The statue was donated to the city of Copenhagen by the Brewer Carl Jacobsen, sculpted by Edvard Eriksen and erected on August 22nd 1913 after the fairytale of the same name written by Hans Christian Andersen.
Danish history is full of mermaid myths. Mermaids themselves can been found in 15 churches in Denmark and throughout the history of the Danish Navy there has always been at least one ship named the MERMAID.
It is said that Copenhagen's Little Mermaid is the most photographed girl in the world, however not everyone sees it that way. In 1964 her head was sawed off an removed and Langlinie was without it's mermaid for a whole month.
Hans Christian Andersen's "The Little Mermaid" was animated into a film by Disney in 1989 although the ending was drastically changed.

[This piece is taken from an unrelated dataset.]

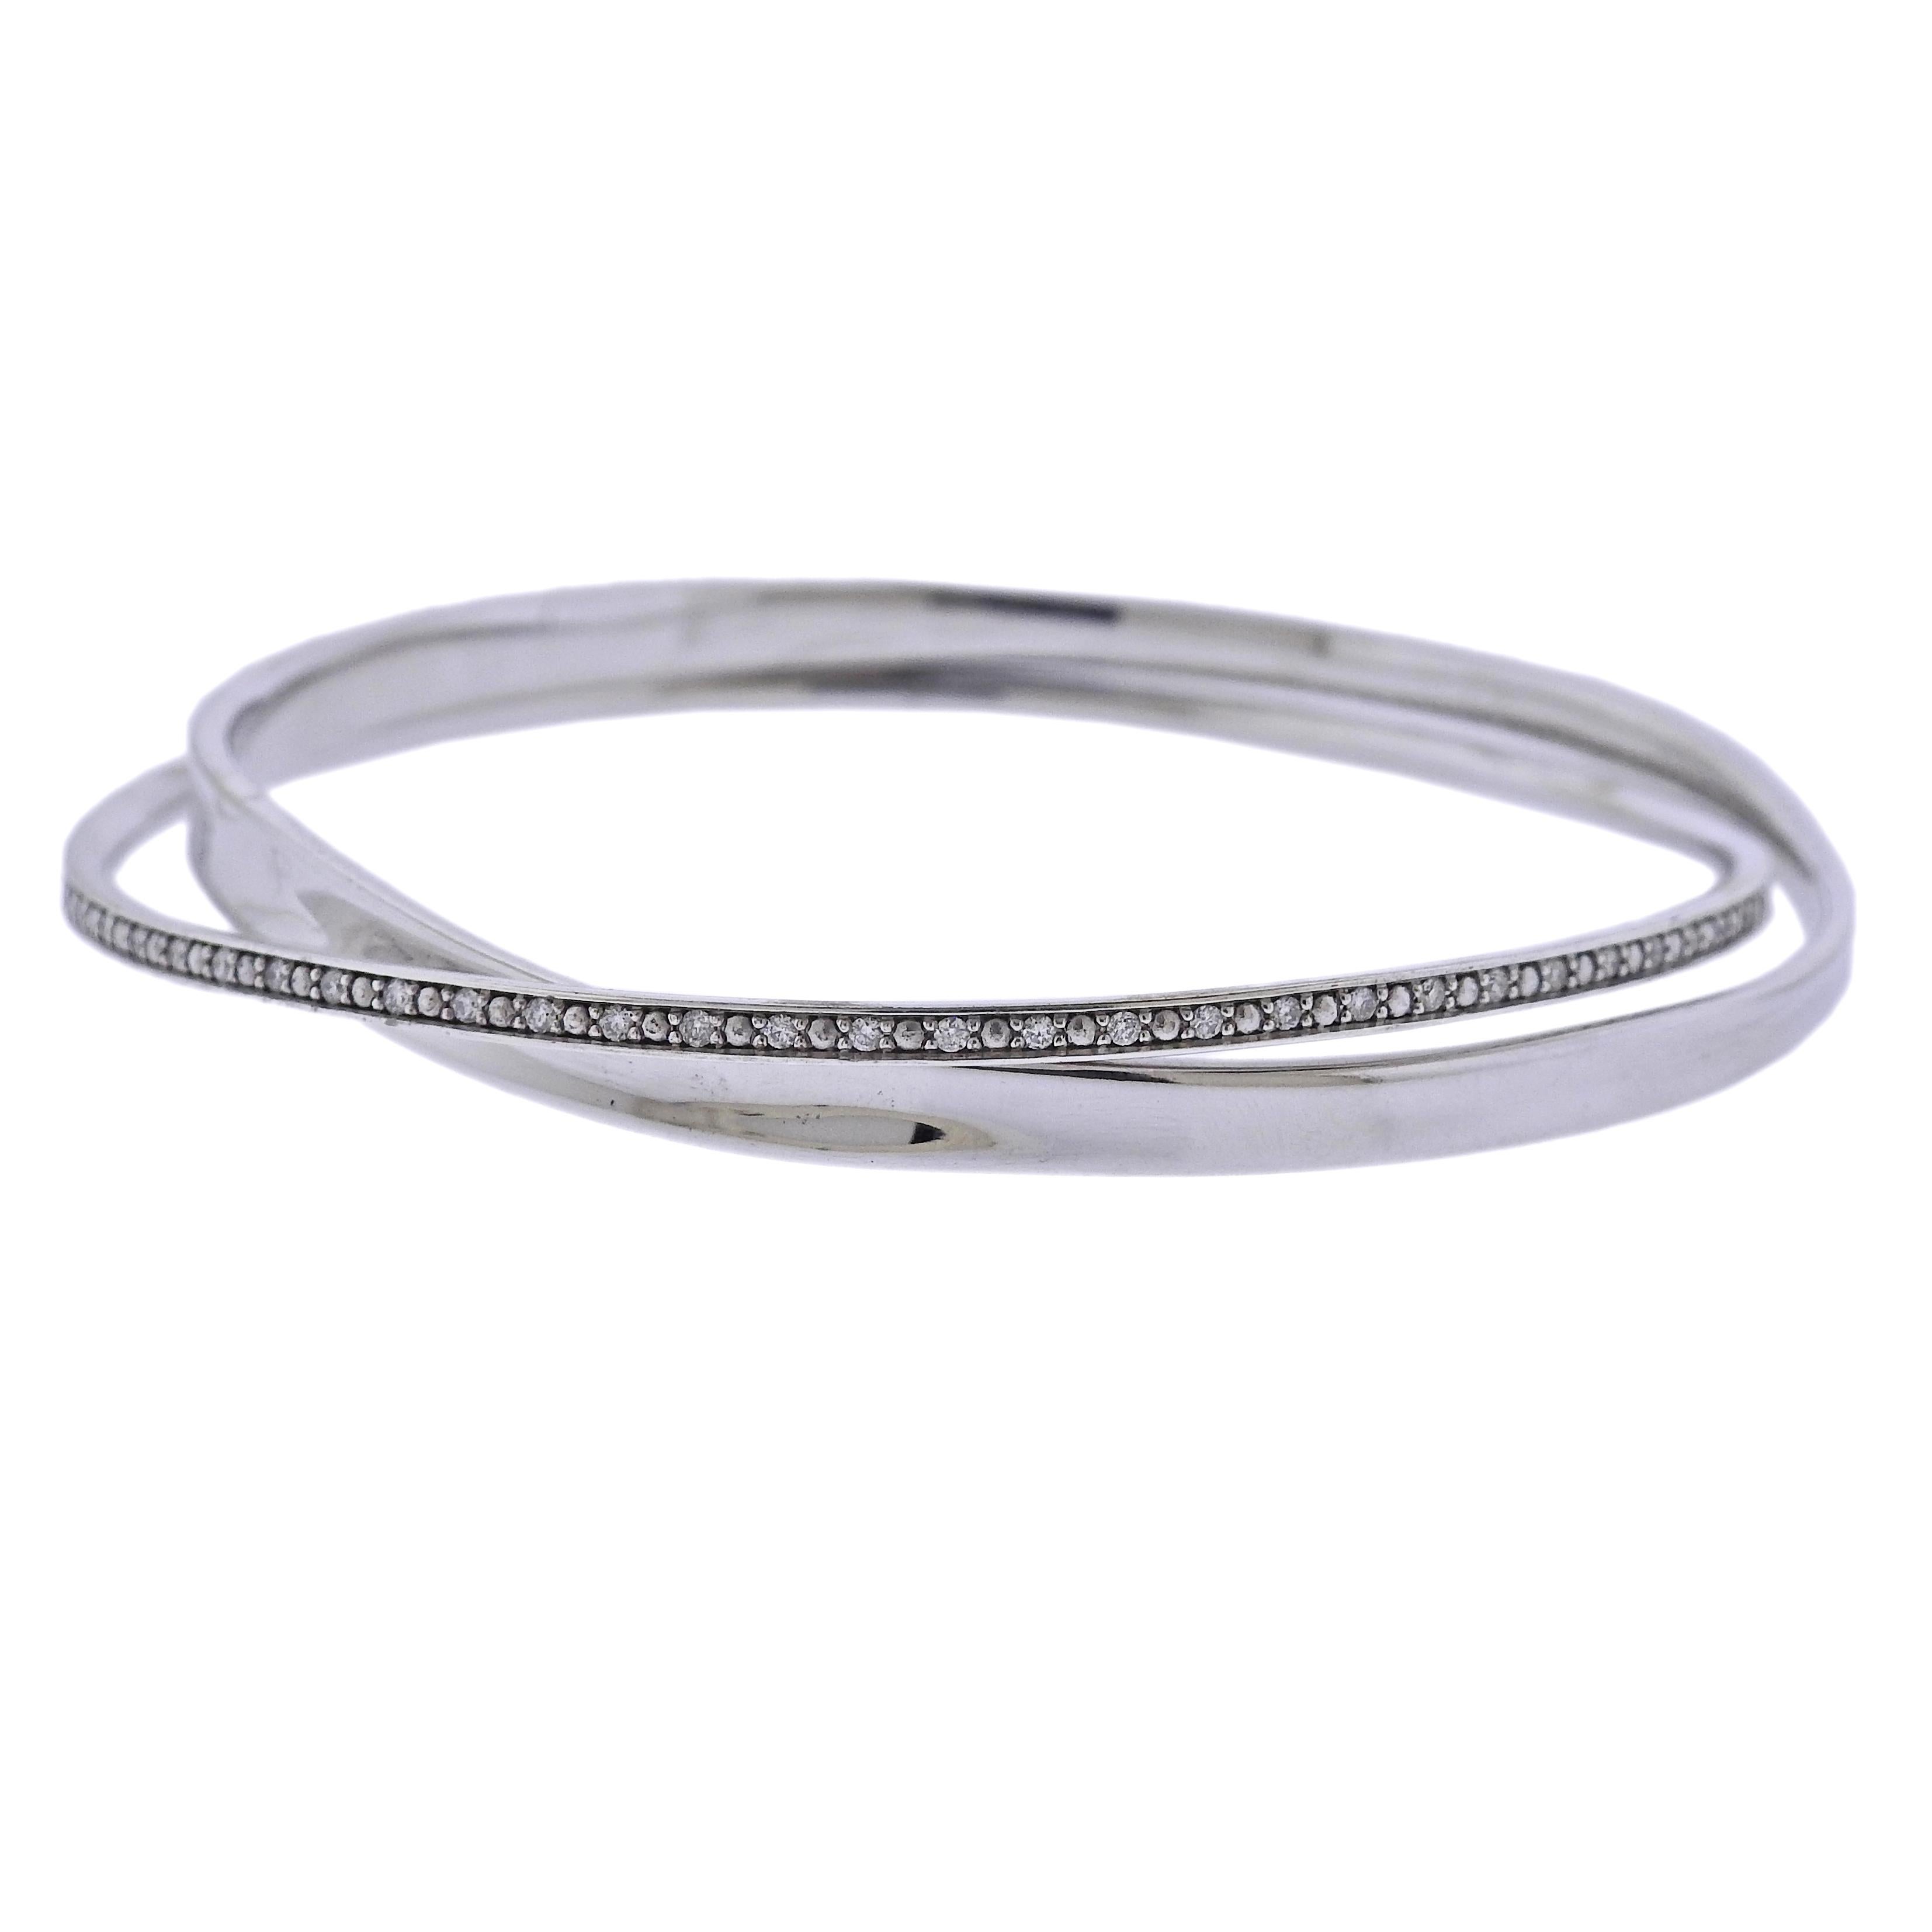 Brand new Georg Jensen sterling silver Marcia bangle bracelet with approximately 1.20ctw G/VS diamonds. Bracelet marked M for size Medium and will fit approx. 7

The statue of The Little Mermaid depicts a creature yearning to be human and walk out of the sea. It is this yearning that, in the fairytale, causes her to abandon her mermaid form, driving her to great sorrow and death.
"If she had been thoughtful and silent before, she now became far more so. And when her sisters enquired of her what she had seen on the first day when she visited the upper world, she answered them not. Evening after evening, she visited the shore where she had left the prince."